Should you want to check the reading level of a document, you can do so using Microsoft Word’s document readability test for content that’s already edited for spelling and grammar.
Obviously, there is no “optimal” reading level for all web pages. That will be determined by the nature of the website and the sophistication of the content it publishes.
For example, you’d write content appropriate for a younger reading level for a website targeted to children, versus content on the latest advances in artificial intelligence algorithms written for techies.
It’s not clear that Google is using this type of analysis in any manner. However, you could see how knowing the reading level of a document might help them better match a document up with a query, depending on the sophistication level evident in the query.
For example, a query like “how to calculate the payoff time of a mortgage” suggests that the user wants to understand the algorithm used, and a more technically focused article, which may have a higher grade reading level, might best serve that query.

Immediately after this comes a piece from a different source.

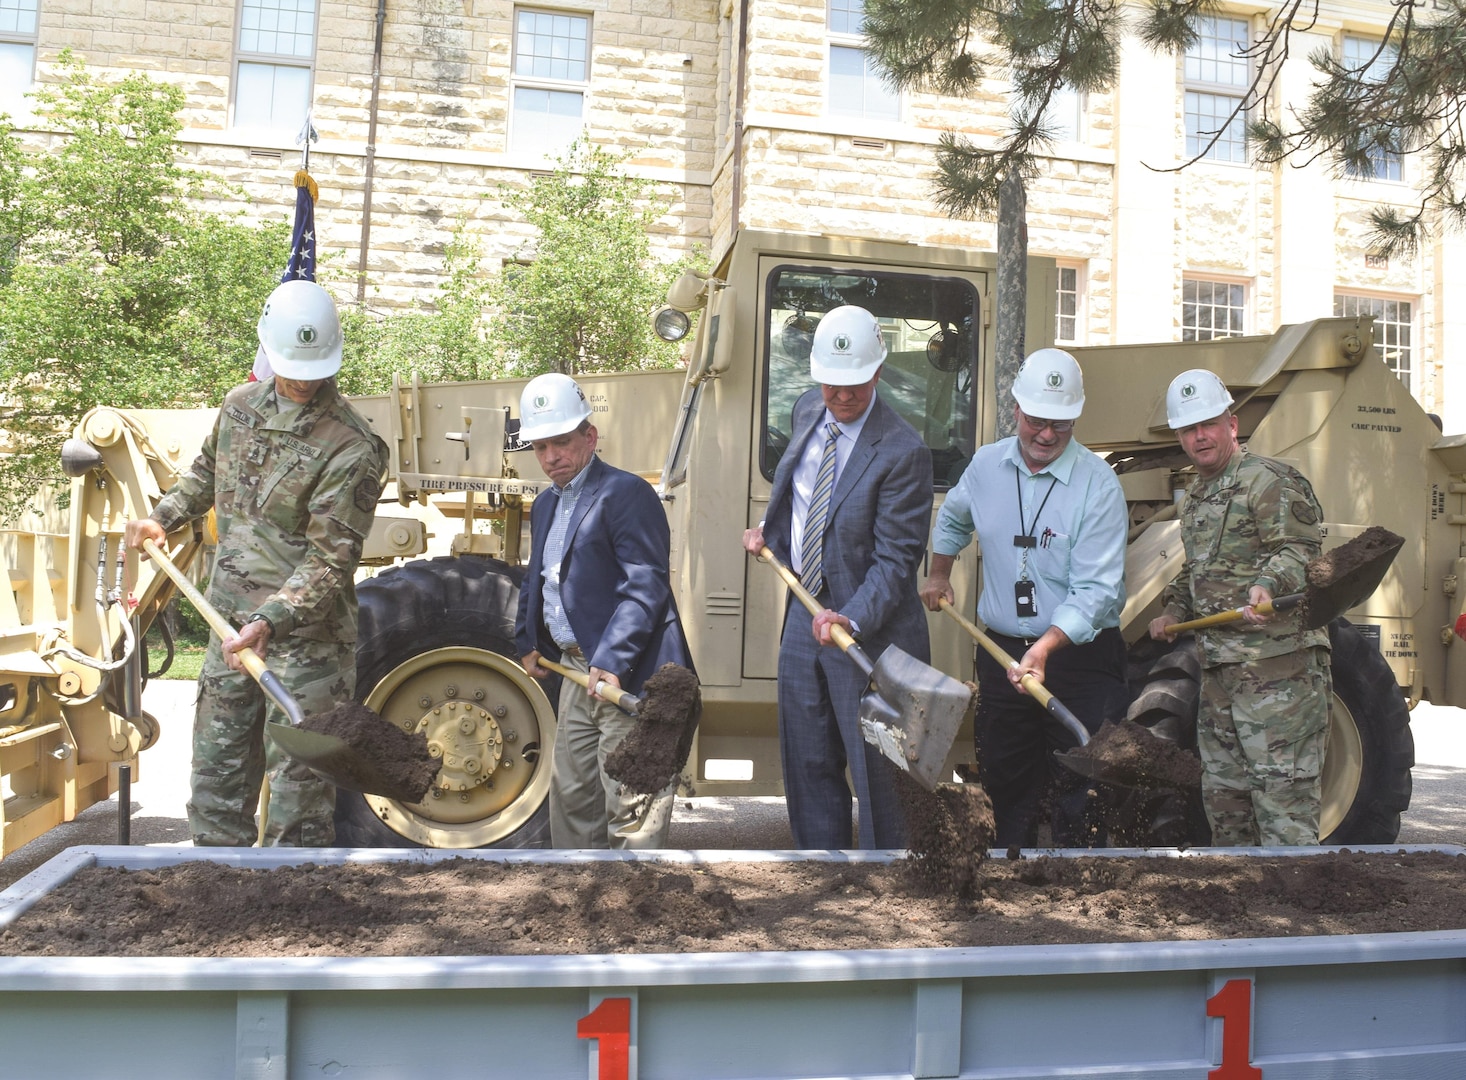 LEFT TO RIGHT: Command Sgt. Maj. James Collins, United States Army Garrison Fort Riley; Albert Marin, programs director for the Huntsville Engineering and Support Center; Joseph Cvetas, executive vice president for Southland Industries; Sandy Walker, Fort Riley Public Works; Col. John D. Lawrence, Fort Riley garrison commander, turn ceremonial dirt during a groundbreaking ceremony June 13 at Fort Riley. The ceremony highlighted the award of an energy savings performance contract to Southland Energy and commemorated the start of the construction phase.
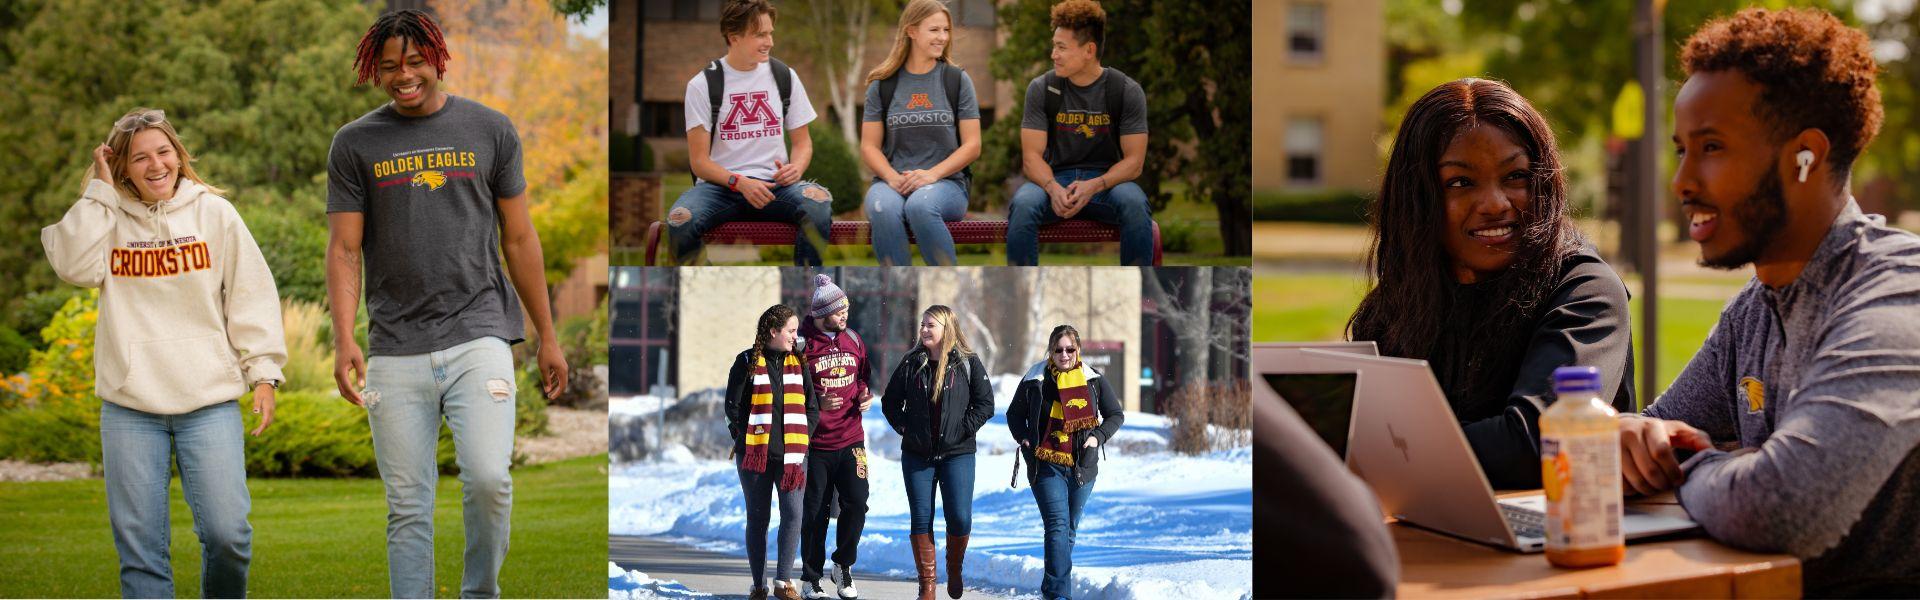 Diverse groups of students on campus in a collage

In contrast, a query like “mortgage payoff calculator” suggests that the user simply wants to get the answer to the question, so the reading level of the best content for that user might be quite a bit lower.
Whether Google uses this type of analysis or not, it’s useful to know what your audience wants in terms of complexity, and to design your content to meet those expectations.
At the end of the day, search engines are concerned with delivering relevant, fresh content to their users in the results. Understanding how document analysis works and the many factors at play can help website publishers not only improve their web pages, but also their search rankings.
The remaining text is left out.